VI. Time of performance, delays
1. Time is of the essence. All delivery dates mentioned in the order or otherwise agreed are binding. The receipt of goods at our premises is decisive when it comes to compliance with the delivery date or delivery deadline.2. The Supplier is obliged to inform us immediately of any imminent or current non-compliance with a stipulated delivery date/delivery deadline, the reasons for said and the estimated duration of the delay. The onset of the delay in delivery remains unaffected by this.3. In case of a delay in delivery, we are entitled to avail of all statutory claims. In the event of a delay in delivery, we are entitled to the following options: (i) accept delayed deliveries by demanding 0.5% of the PO value per full week of delay as a contractual penalty, but not more than 5% or; (ii) refuse to accept the Products delivered beyond the delivery date and claim/ set-off the difference between the prevailing market price and contracted price of such quantity delivered ;or (iii) cancel the PO in part or full and purchase such cancelled quantities from open market at the prevailing market price at the risk and cost of the Supplier without prejudice to his rights.
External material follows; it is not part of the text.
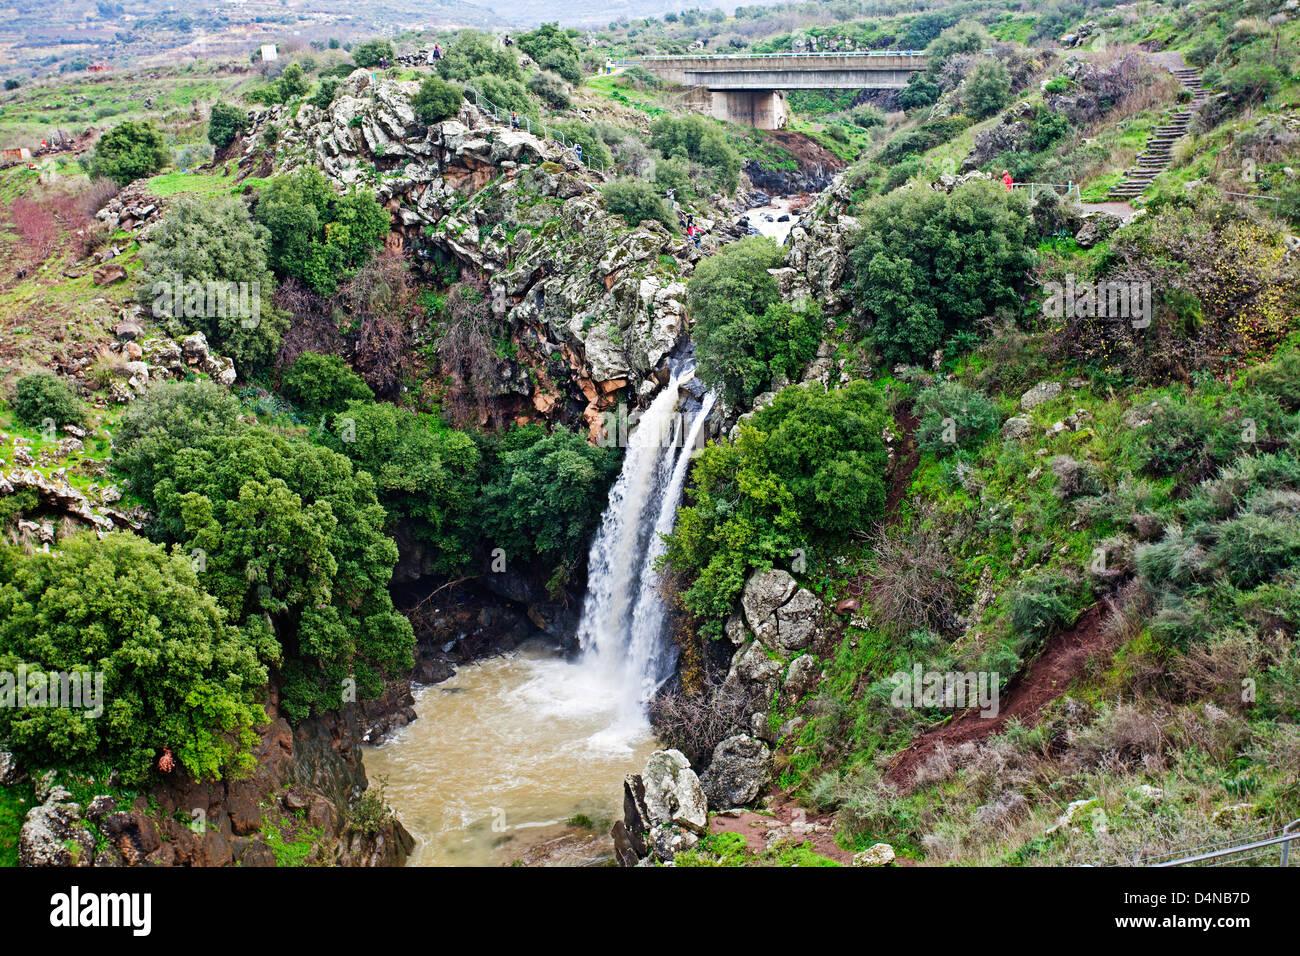 Israele, Golan, Saar con cascata riserva naturale Immagini Stock

The right to avail of further-reaching statutory claims is reserved.4. In the event of cause of force majeure occurring within the agreed delivery terms, the delivery date may be extended by the Company on receipt of application from the Supplier without imposition of liquidated damages. The Supplier must inform the Company at the earliest at the beginning and the end of the cause of delay and wherever so requested provide the required Commerce or Statutory Authorities delays caused due to force majeure.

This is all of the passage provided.